Журнал «Новый Мир» - Новый Мир. № 10, 2000
Комментатору кажется, что бефстроганов, пирожное и вымя, предложенные главному герою, и есть реальное, обычное, «стандартное меню недорогого вокзального ресторана» (СП, стр. 22); в новом издании этот пассаж остался без изменений («Вагриус», стр. 158). Видимо, в какой-то момент Власов начал смотреть на реалии прошлого через призму текста поэмы: ерофеевская художественная модель начинает заслонять реальность его воспоминаний. Впрочем, некорректная попытка комментатора поставить знак равенства между Текстом и Бытом не нуждается в критике.
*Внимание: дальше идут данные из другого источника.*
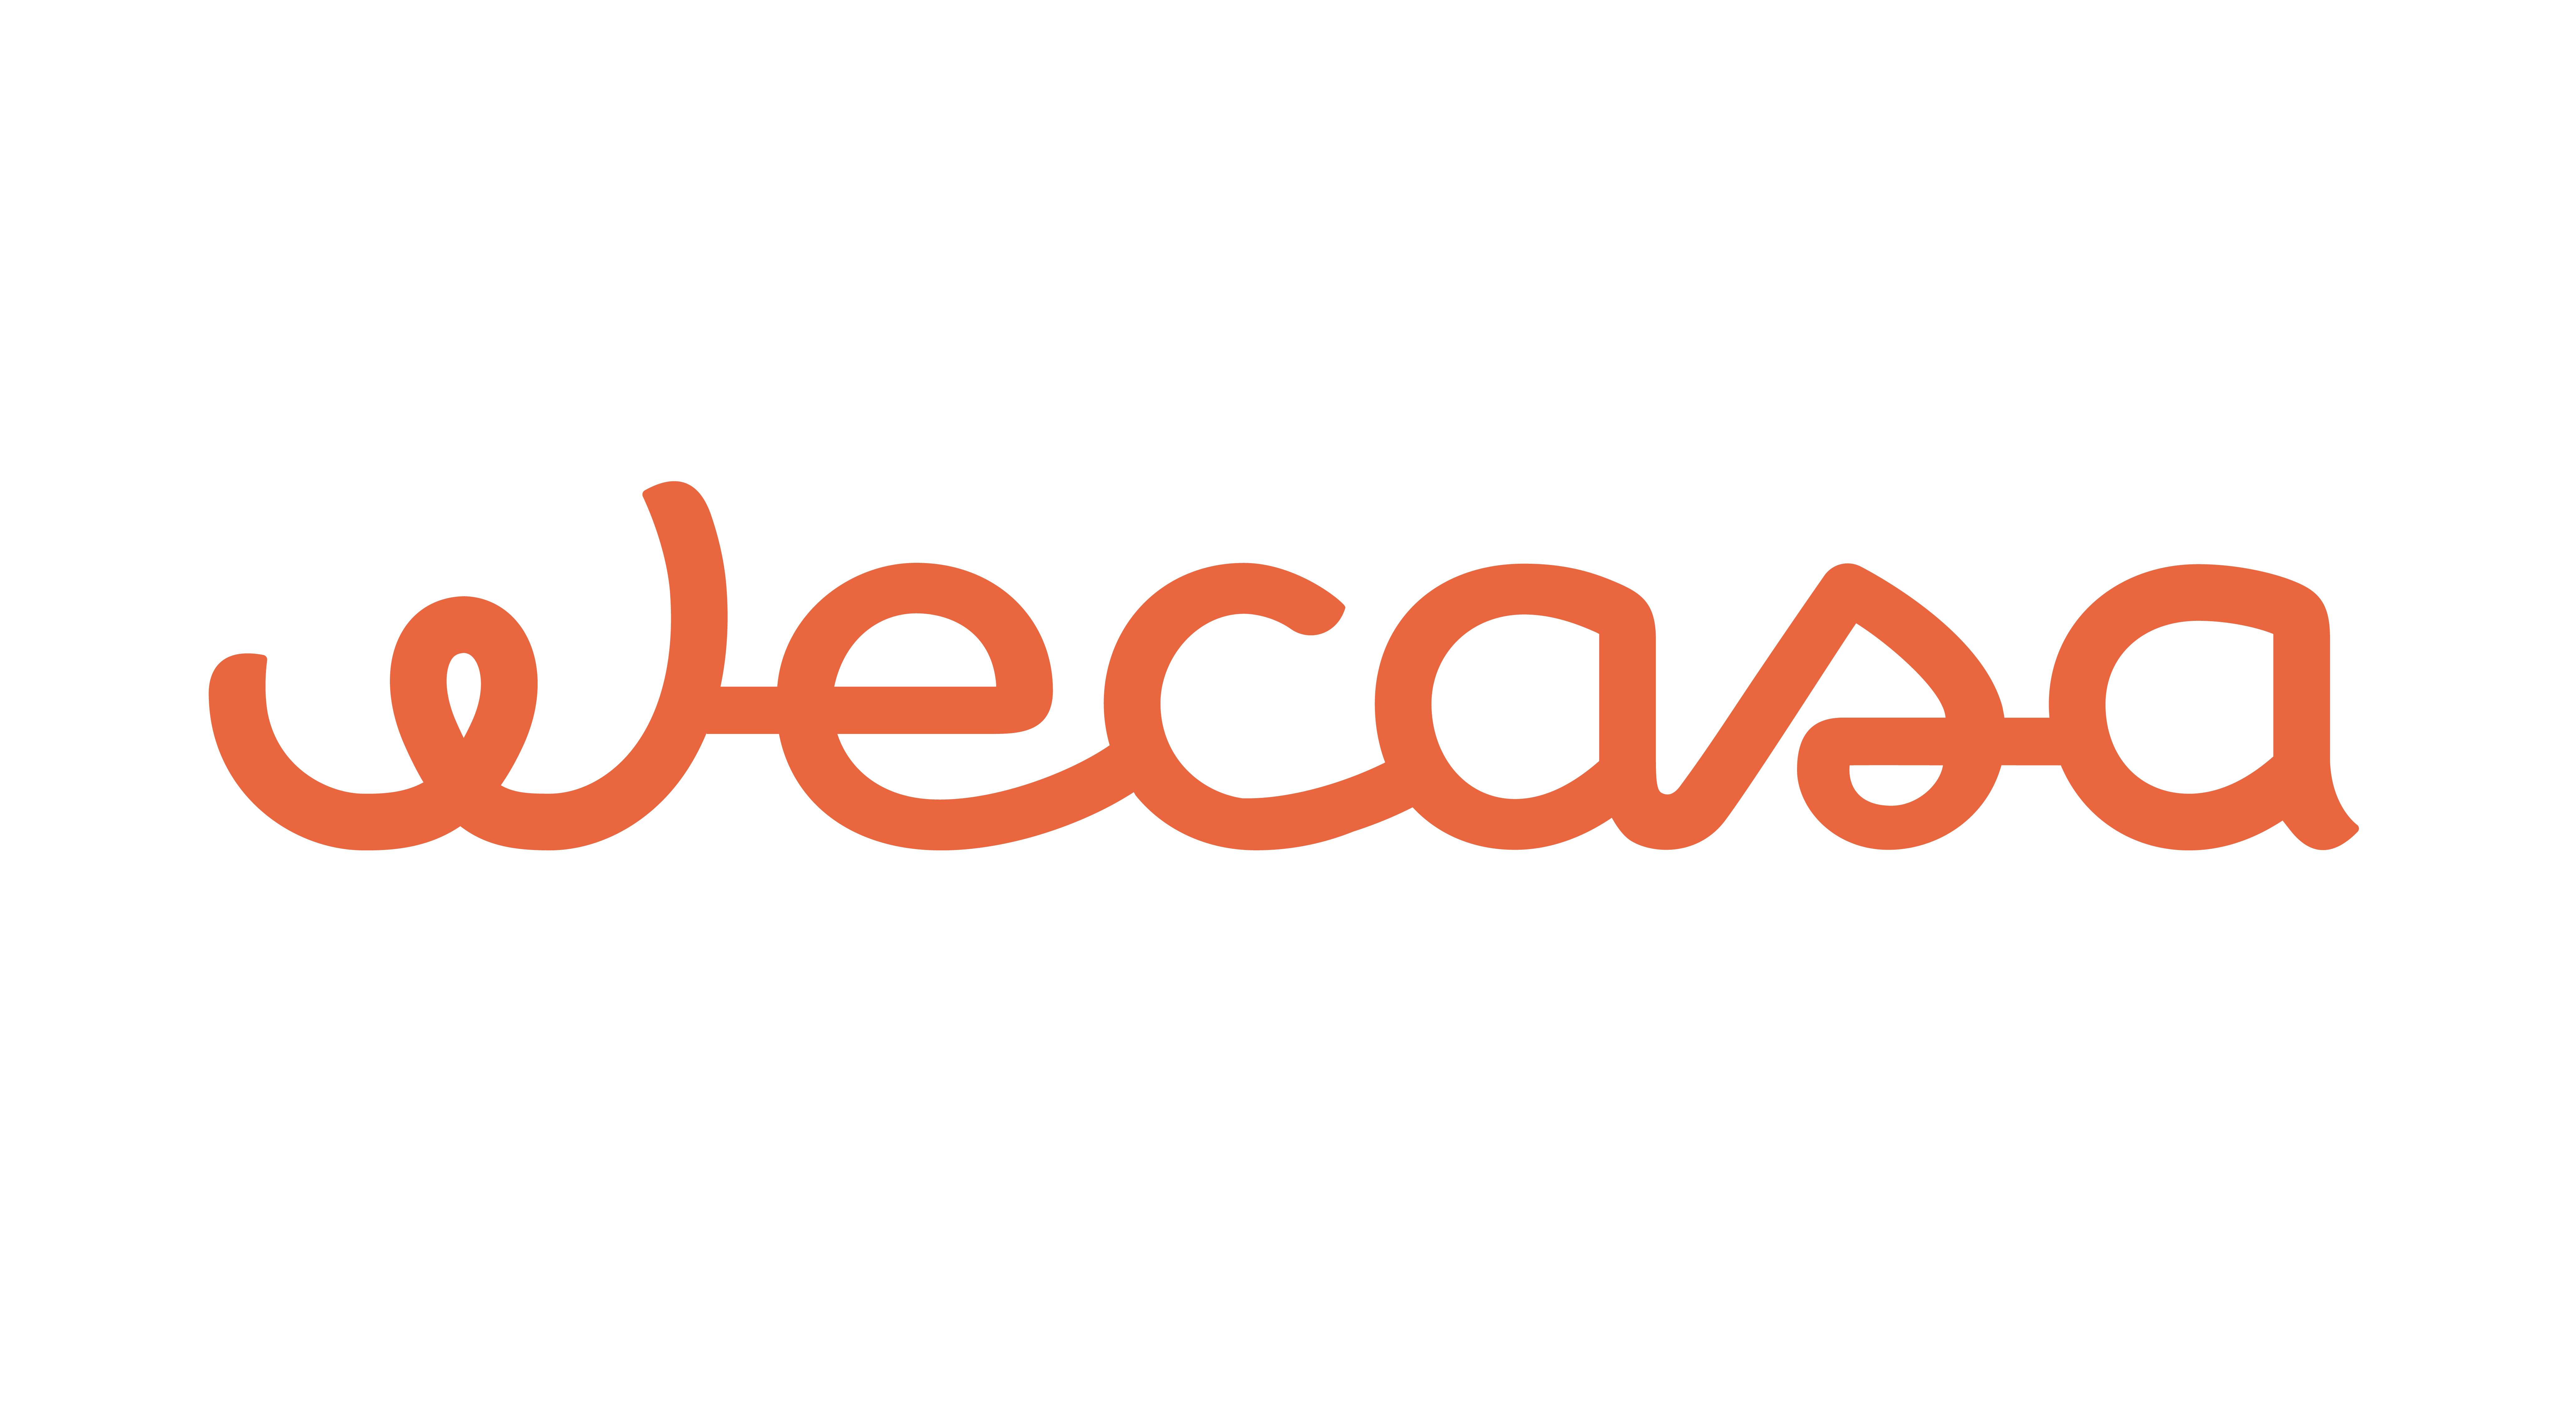 Wecasa's logo

Комментируя лексику, связанную с темой питья, Власов утверждает, что Ерофеев не совсем корректно употребляет слова: «правильнее не декохт, а декокт» (СП, стр. 5). В новом издании в тексте поэмы вместо «декохта» поставлено слово «декокт», поэтому из старого комментария просто изъяты все упоминания «декохта». В лучшем случае этот комментарий недостаточен. Можно отметить, что в русский язык слово «декохт» пришло непосредственно из латинского decoctum — «отвар, декокт» («Латинско-русский словарь». М., 1986, стр. 224). Ср. также польское dekokt, немецкое Dekokt и итальянское dekotto. Слово декохт (декокт) встречается (причем неоднократно) не только у Ф. М. Достоевского, И. С. Тургенева, Б. Л. Пастернака (СП, стр. 5), но и у многих других русских писателей. На протяжении уже трех столетий это слово встречается в самых разных формах: декохт, декохто, декохтум, декокт. Используемая Ерофеевым форма этого слова вполне традиционна для литературы прошлых столетий: слово «декохт» было распространено уже в XVIII веке. Известны были декохты простудный, потовой, возбудительный, грудной, кровоочистительный (ср.: «Вылечился, употребляя взварец или декохт, составленный из сухой малины, меду… и инбирю» — «Словарь русского языка XVIII века. Вып. 6. Л., 1991, стр. 80–81»). Во многих словарях XX века оно уже отмечено как устаревшее (см., напр.: «Толковый словарь русского языка». Т. 1. М., 1935, стр. 677; «Словарь современного русского литературного языка». Т. 4. М., 1993, стр. 129). Правильнее считать это слово не устаревшим, а редким и сугубо литературным, поскольку в разговорной речи оно не встречается.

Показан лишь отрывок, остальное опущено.